Requirement —
Would you restate the listing word for word, with the images omitted?

Data provided —
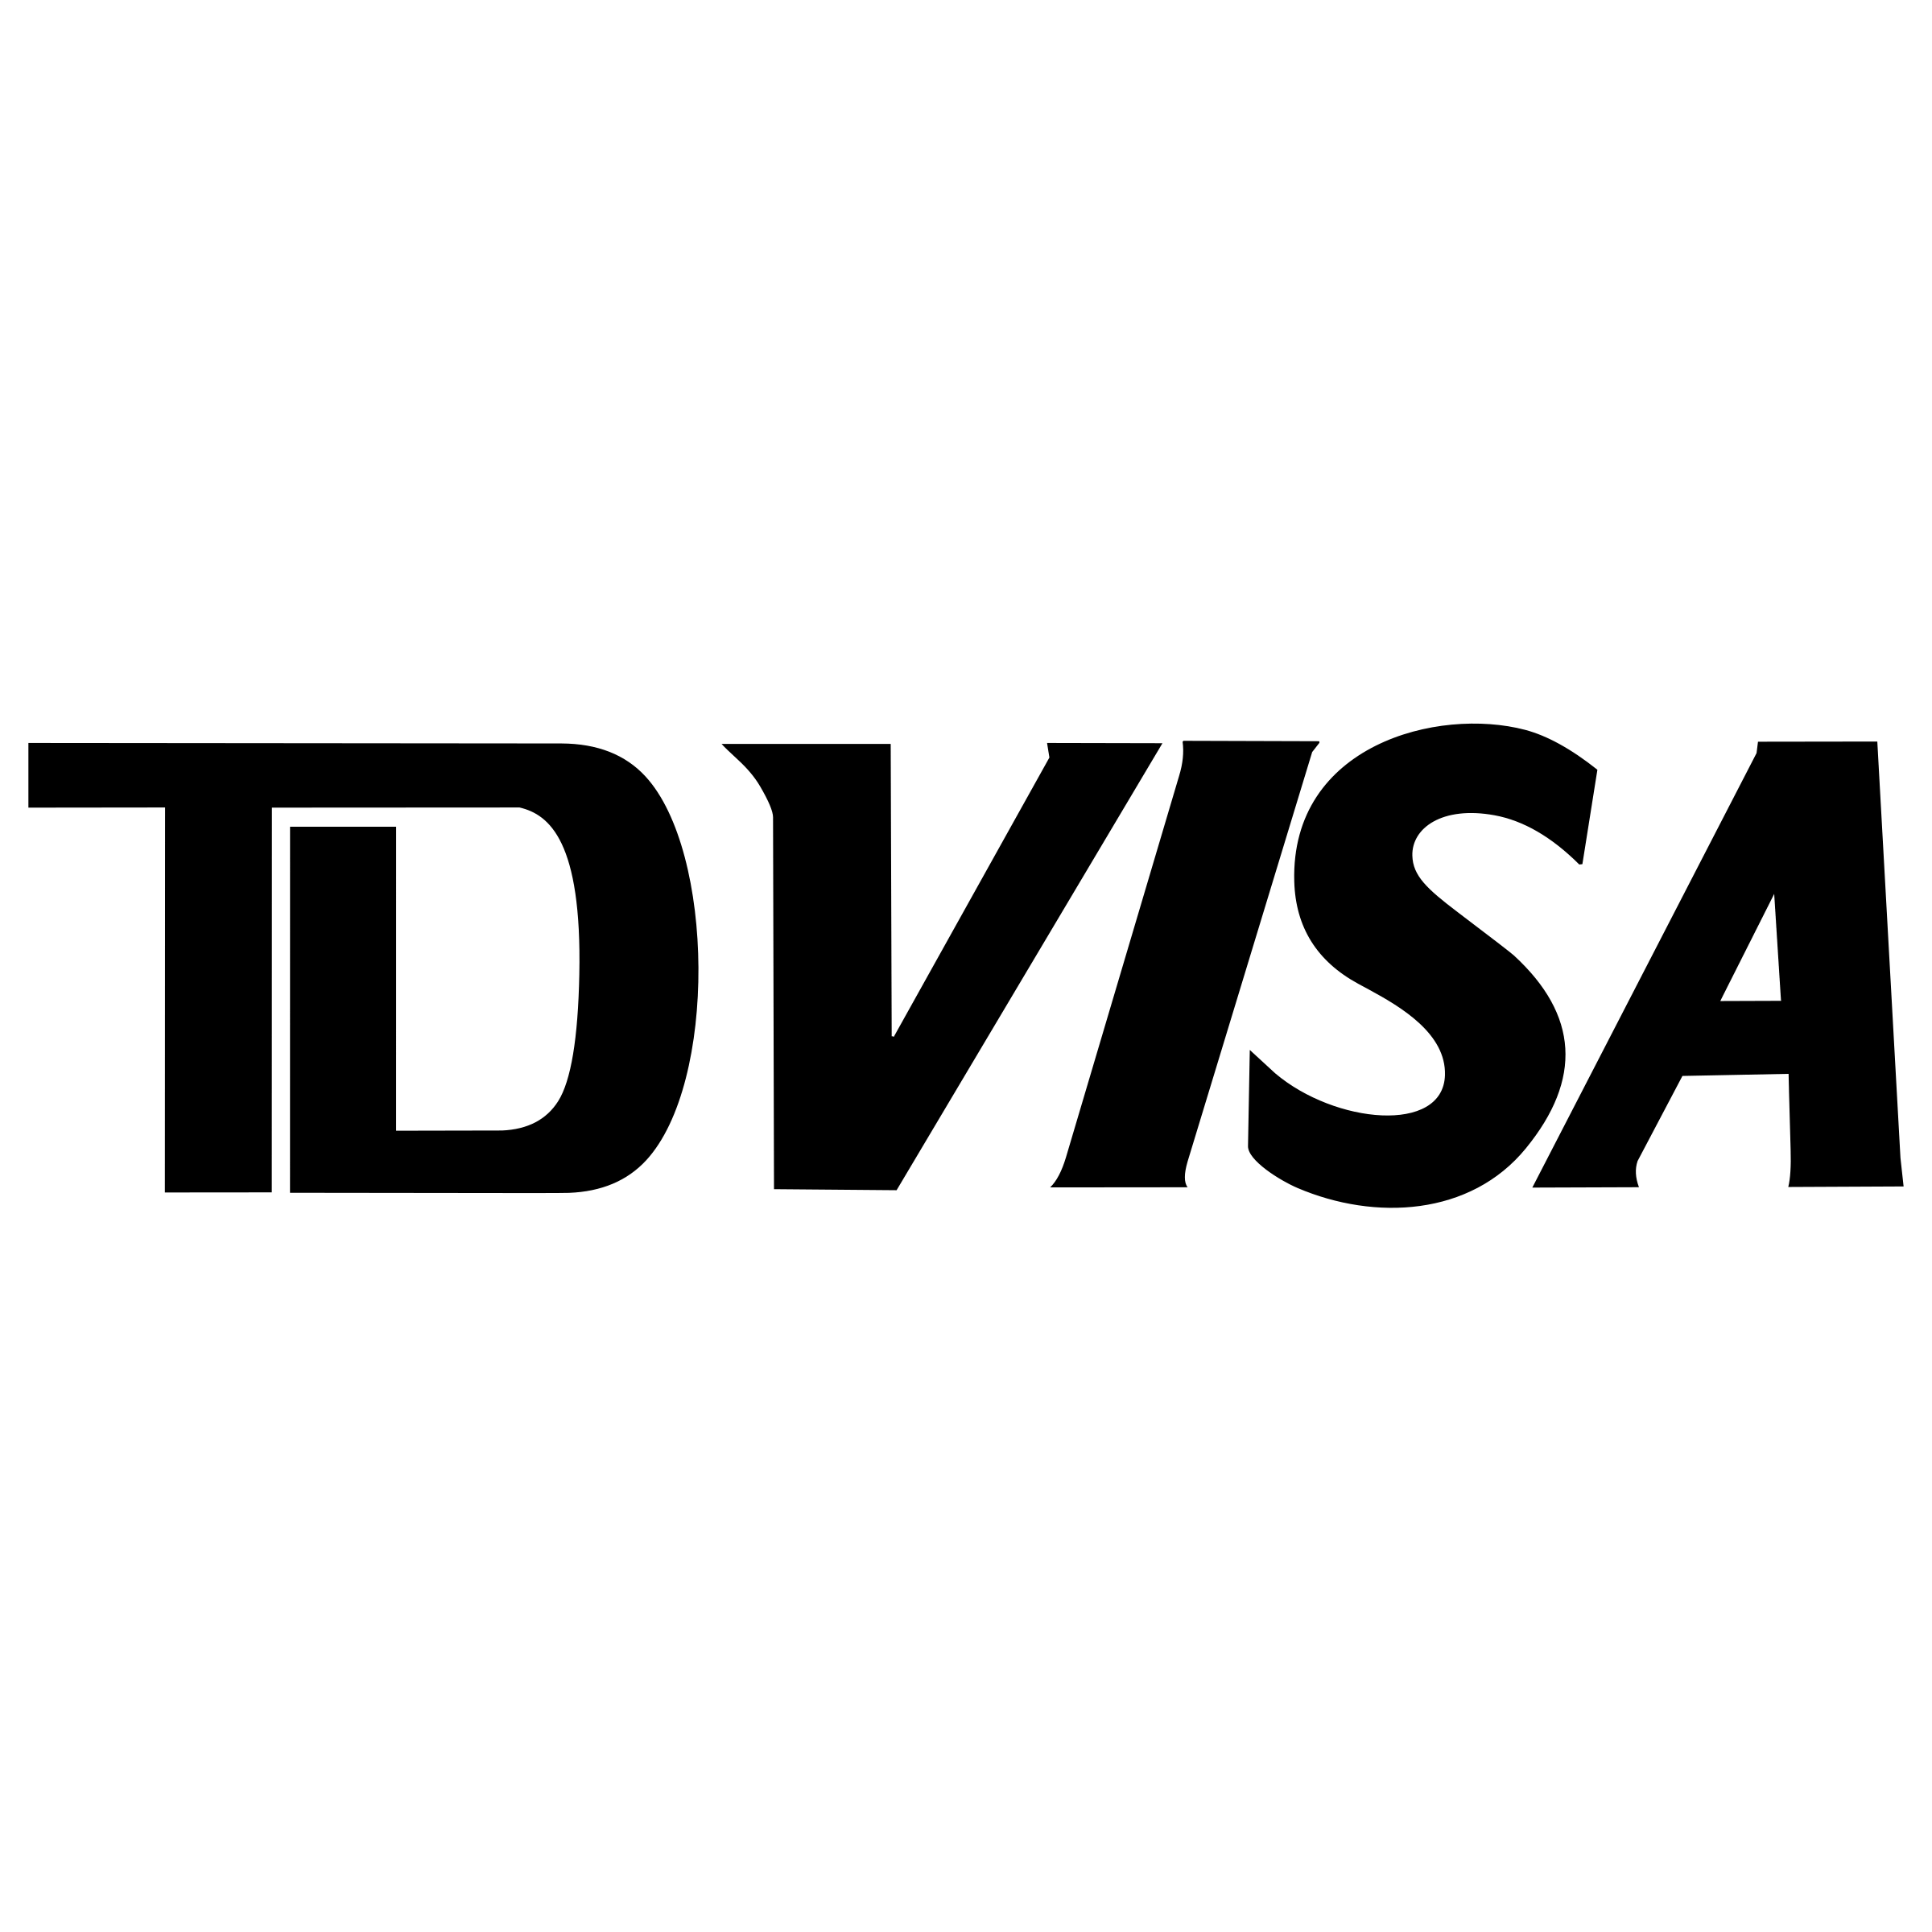 White Visa Logo - TD VISA Logo PNG Transparent & SVG Vector - Freebie Supply
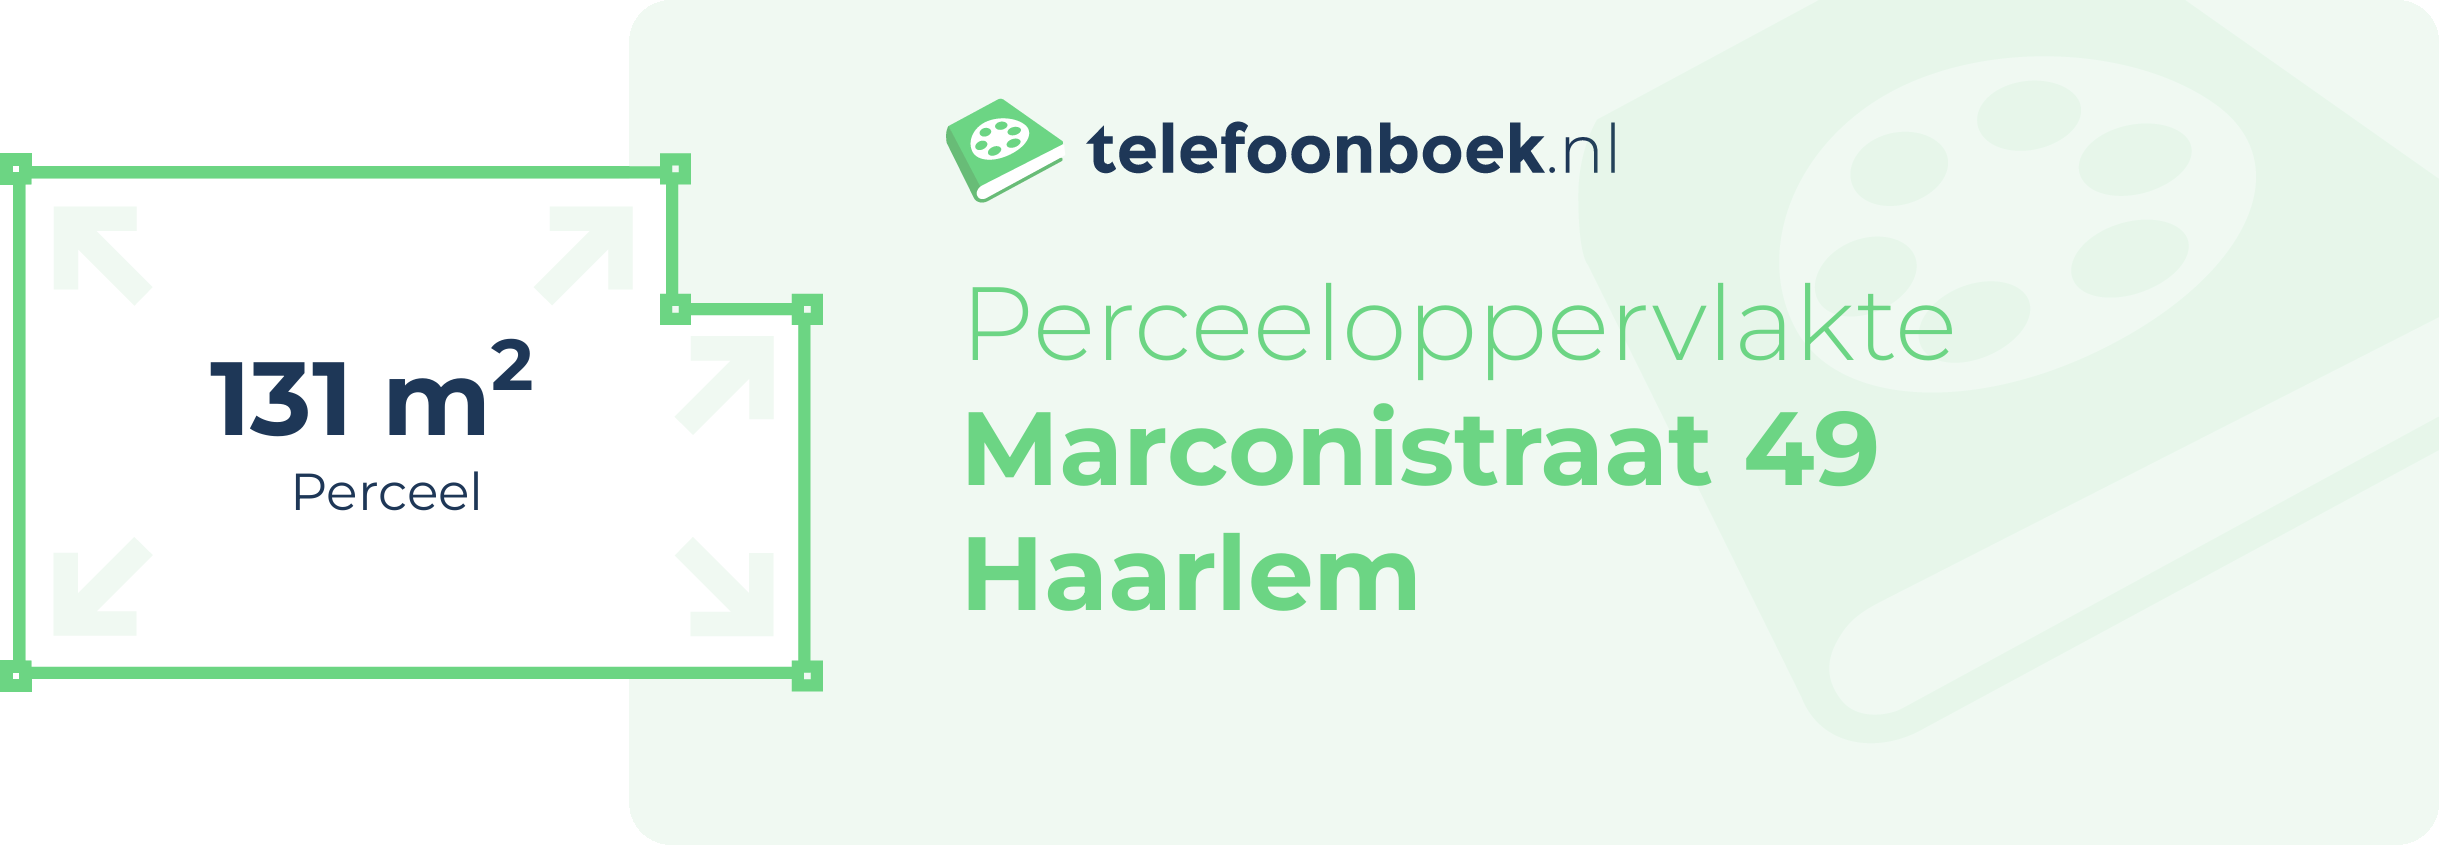 Perceeloppervlakte Marconistraat 49 Haarlem
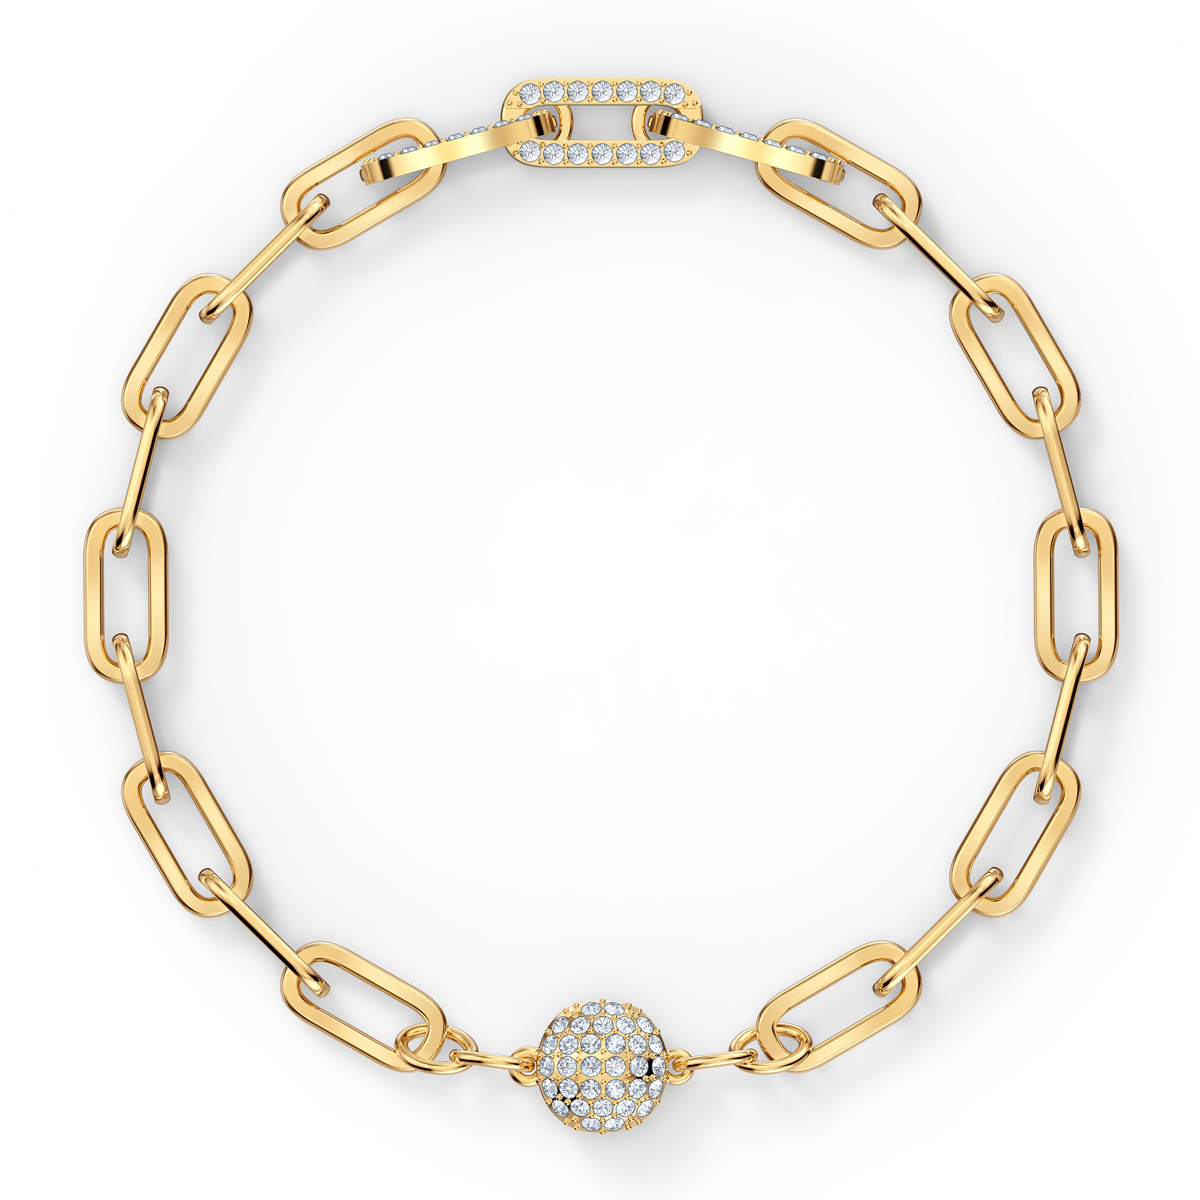 Swarovski The Elements Chain Bracelet, White, Gold Tone Plated

Output of the exercise —
 White Visa Logo - TD VISA Logo PNG Transparent & SVG Vector - Freebie Supply
 Perceeloppervlakte Marconistraat 49 Haarlem
 Swarovski The Elements Chain Bracelet, White, Gold Tone Plated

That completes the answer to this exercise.